DSS 9.0.3 is a bugfix release. We recommend that you upgrade to DSS 9.0.3
Fixed inability to create recipes based on shared datasets
Fixed various errors in recipe edition screens
DSS 9.0.2 is a significant new release with both new features, performance enhancements and many bugfixes. Note that we recommend that you upgrade to 9.0.3 rather than 9.0.2
New feature Added OAuth2 login for Snowflake
New feature Added OAuth2 login for Azure Blob
Azure Blob: Made the “client secret” field hidden
MongoDB: Removed connection details from logs
BigQuery: Fixed metrics computation on BigQuery “SQL Query” datasets
SCP: Fixed write to managed folders based on SCP connections
Google Cloud Storage: Fixed PDF preview in managed folders
Fixed preview of images with specials characters in their file names in managed folders
New feature: Prepare: Added support for SQL pushdown of “inc” formula function (add to dates) to BigQuery and Snowflake
New feature: Prepare: Added support for SQL pushdown of “coalesce” formula function to BigQuery and Snowflake
New feature: Prepare: Added support for SQL pushdown of “rand” formula function to BigQuery and Snowflake
New feature: Prepare: Added support for SQL pushdown of trigonometric functions to Snowflake
Performance: Sync and Prepare: Strongly improved performance on large partitioned datasets (notably S3 / Azure Blob / Google Cloud Storage)

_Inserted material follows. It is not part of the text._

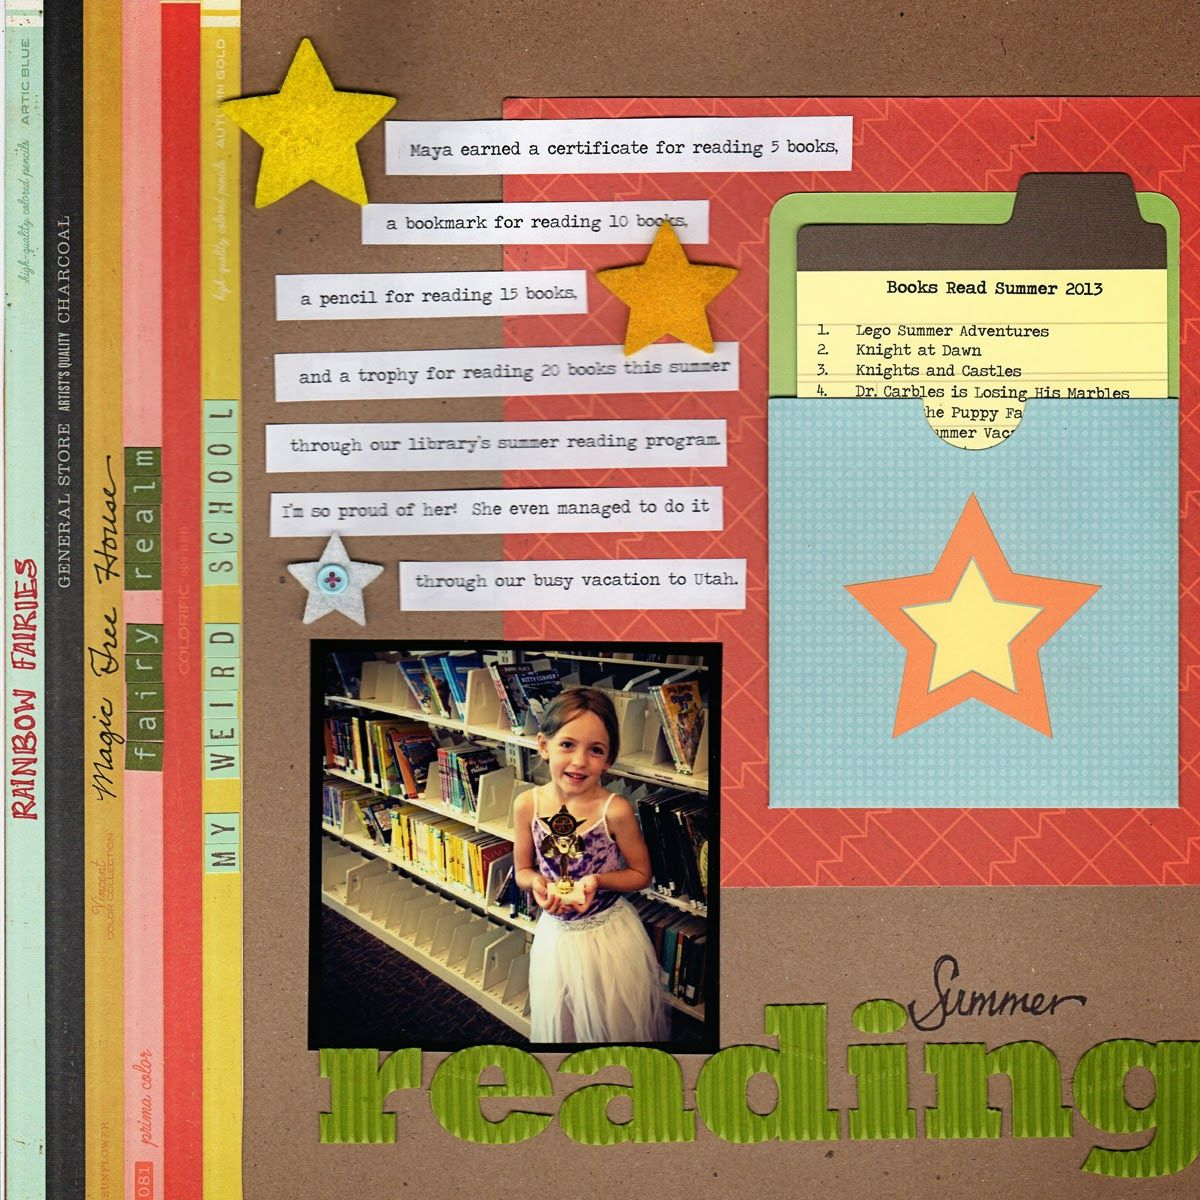 Scrapbook ideas list - Scraps Of Shirlee Reading Scrapbook Page Book List Layout

Performance: Join: Improved performance of DSS engine with non-equijoin conditions
Prepare: Fixed issue with SQL pushdown of “concat” formula function with Snowflake and NULL values
Prepare: Fixed possible SQL pushdown issue with formula processor
Prepare: Added ability to trim white spaces in “Find and replace”
Prepare: Fixed issue with SQL pushdown of date parsing on Snowflake with numeric columns
Prepare: Fixed issue when setting ‘cast output’ to None in Formula step
Prepare: Fixed formula validation issue with column names starting with numbers
Prepare: UX enhancements on “Pattern detector” and “Smart date”
New feature Added support for Cloudera Data Platform CDP Private Cloud Base (CDH 7)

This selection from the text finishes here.